## TASK ITEM:
Could you repeat the data word for word while skipping the pictures?

## DATASET EXCERPT:
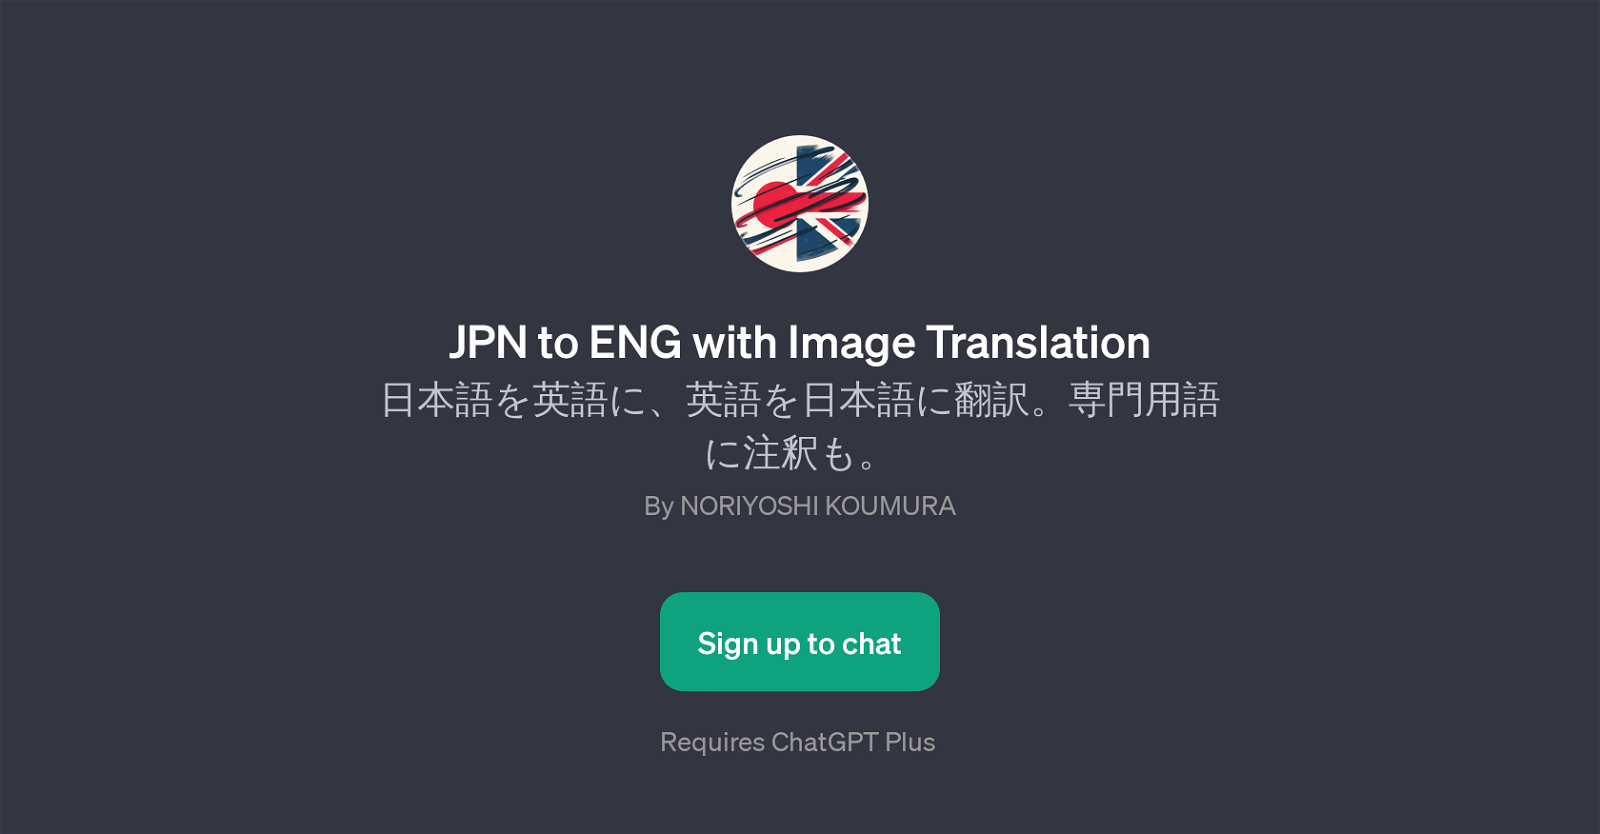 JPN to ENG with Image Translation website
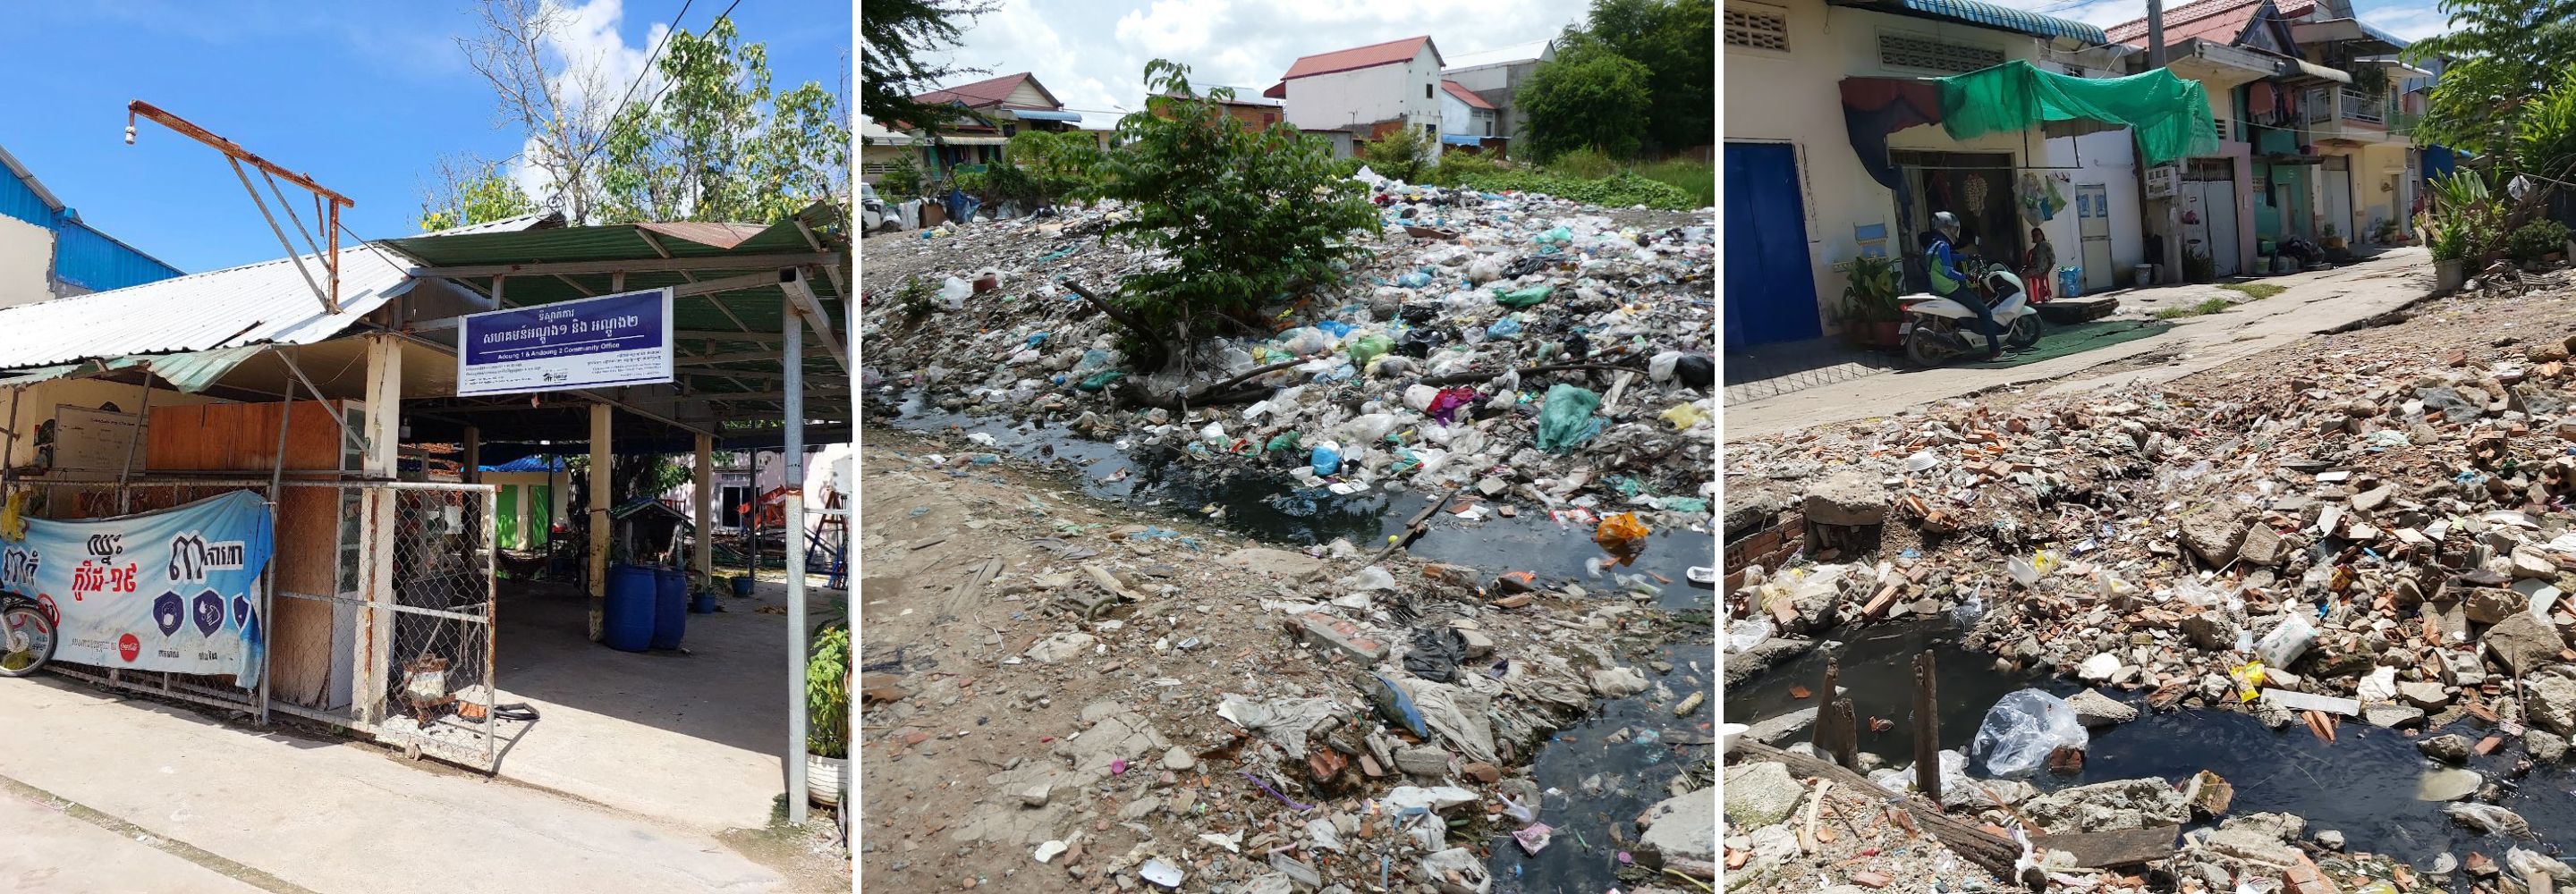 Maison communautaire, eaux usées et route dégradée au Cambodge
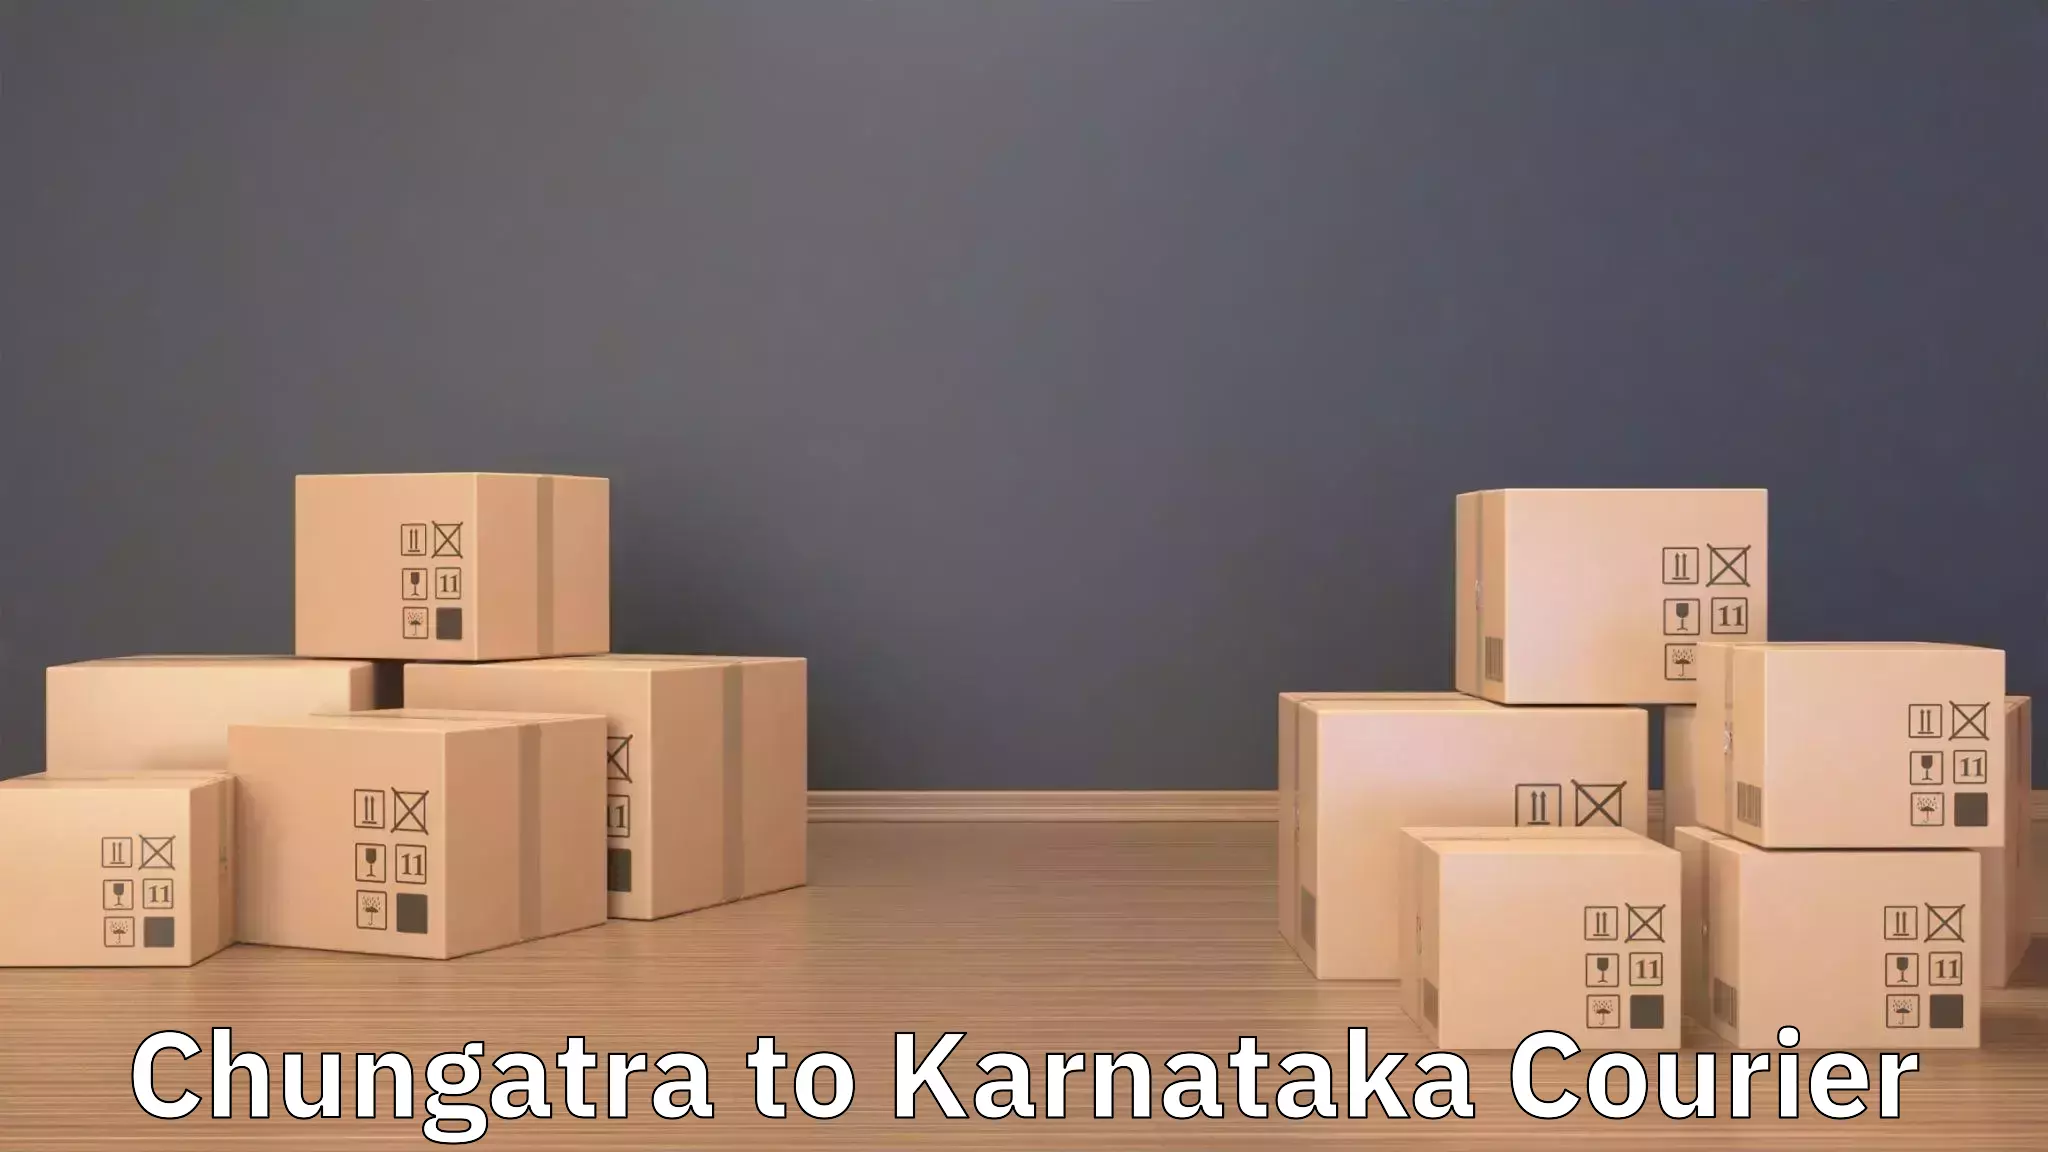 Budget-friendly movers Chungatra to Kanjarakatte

## ANSWER TO THIS TASK:
 JPN to ENG with Image Translation website
 Maison communautaire, eaux usées et route dégradée au Cambodge
 Budget-friendly movers Chungatra to Kanjarakatte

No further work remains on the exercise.